===== Data section =====

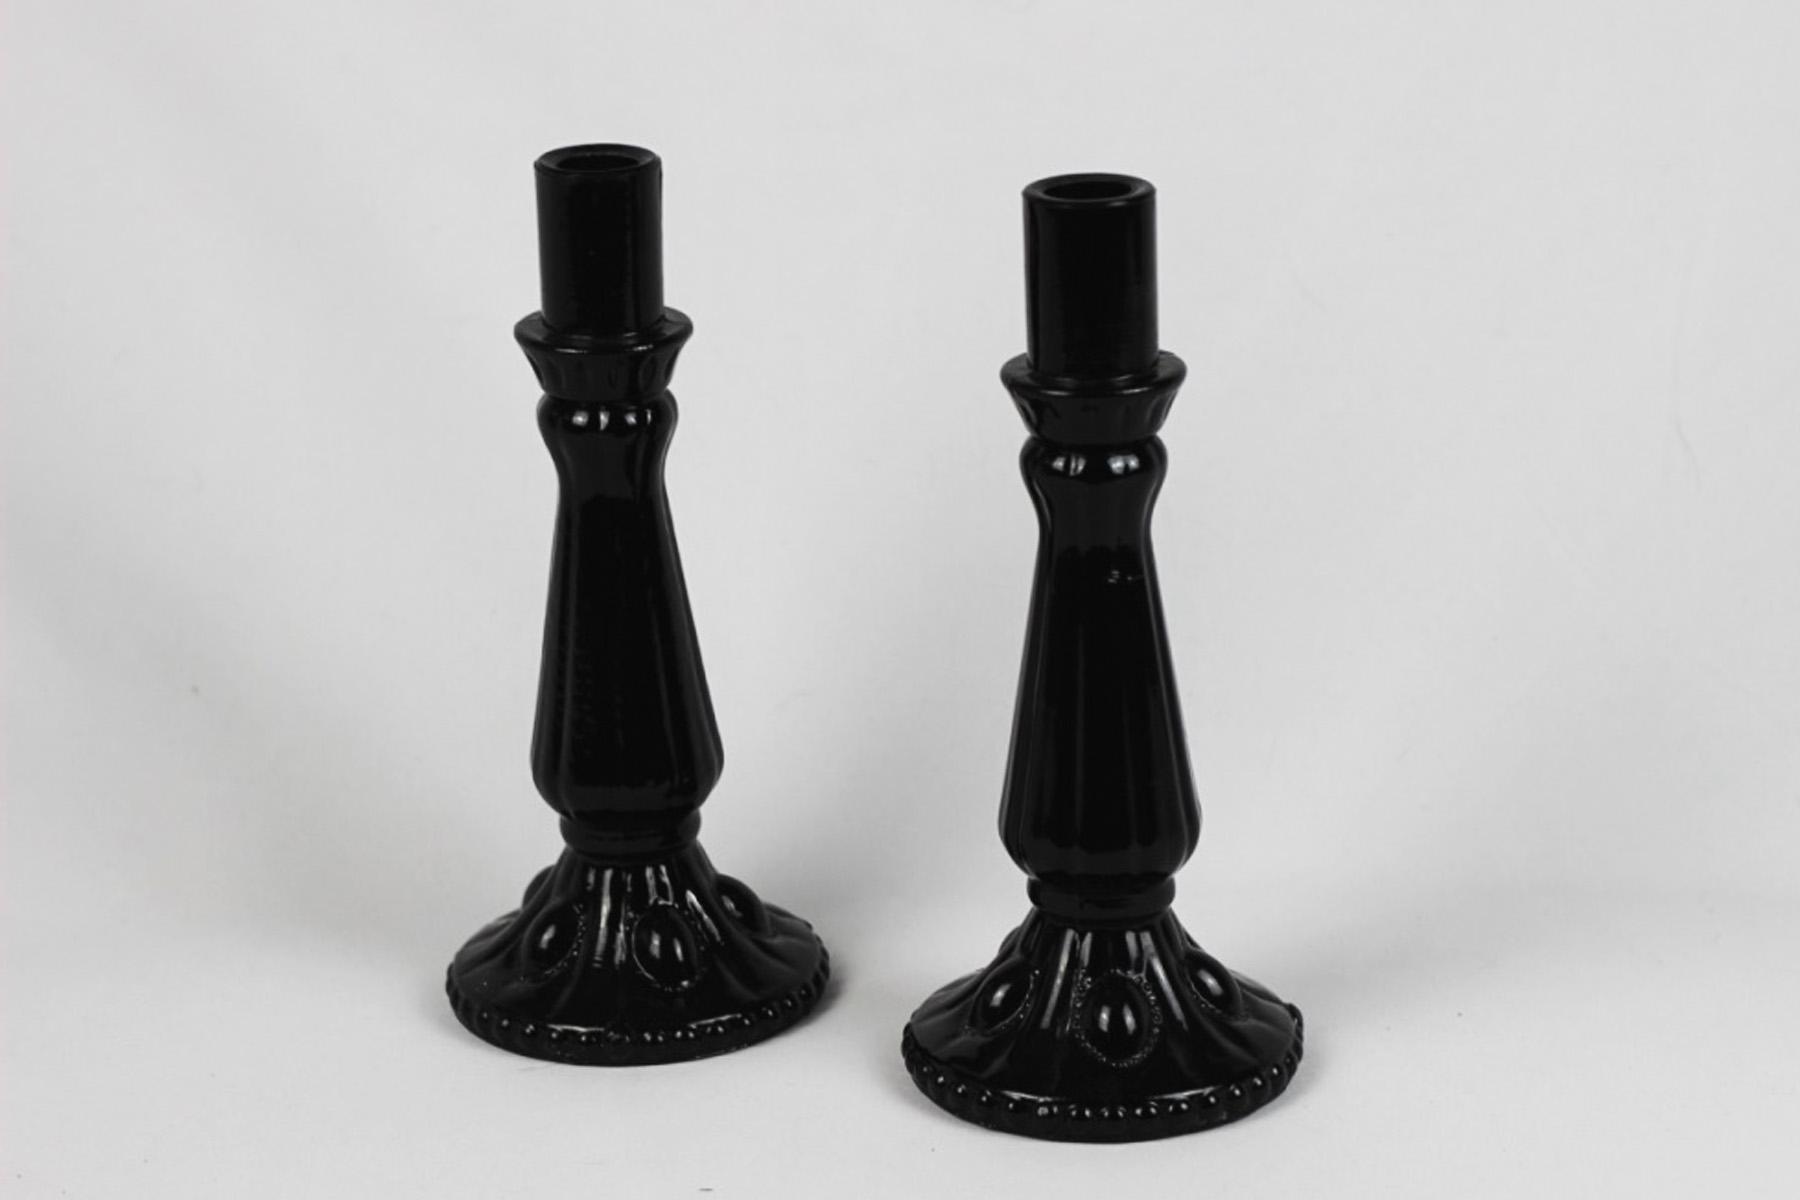 Black Glass Candlesticks - Scavenged Vintage Rentals
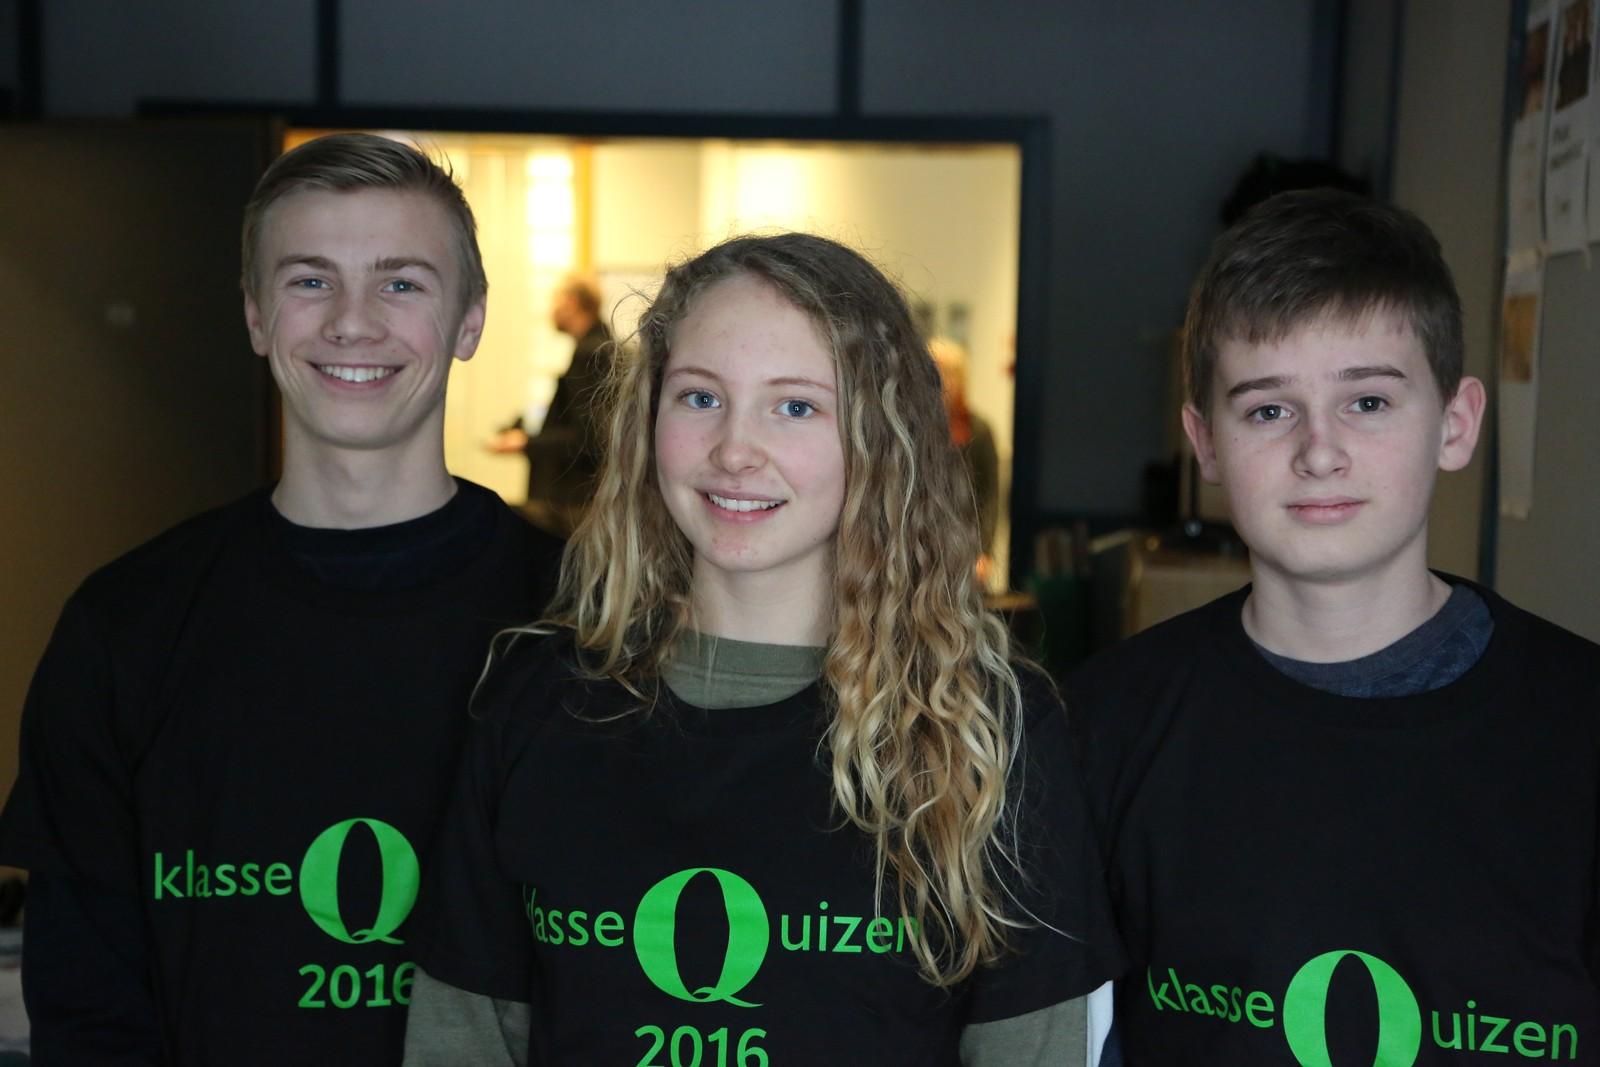 7 POENG: Austbø skole: Eivind Wilhelmsen Hustvedt, Emma Sønneland Tislevoll og Jarl Christian Helgøy.
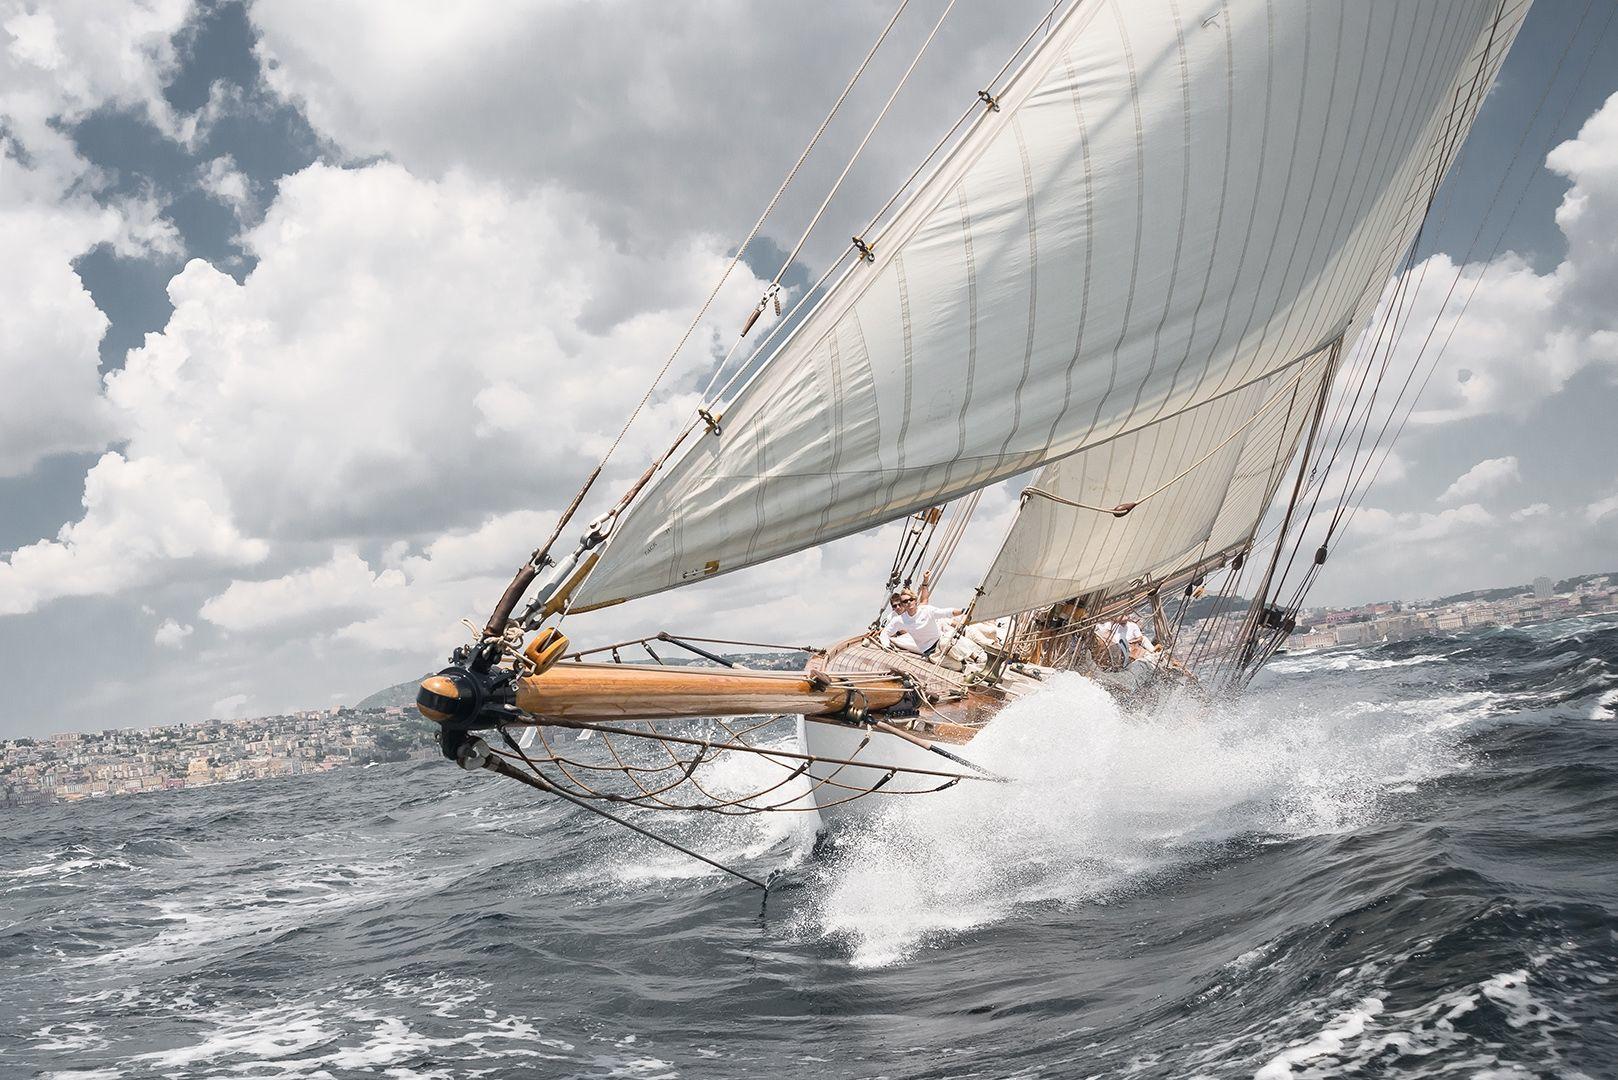 vele d epoca trofeo panerai bolina vela di angelo florio fotografo pubblicitario sailing race napoli roma

=====

**Task to carry out**
Leave out the pictures, then reproduce exactly the run of lines from the one that contains "7 POENG: Austbø" to the final line of the listing above.

**Response to this task**
 7 POENG: Austbø skole: Eivind Wilhelmsen Hustvedt, Emma Sønneland Tislevoll og Jarl Christian Helgøy.
 vele d epoca trofeo panerai bolina vela di angelo florio fotografo pubblicitario sailing race napoli roma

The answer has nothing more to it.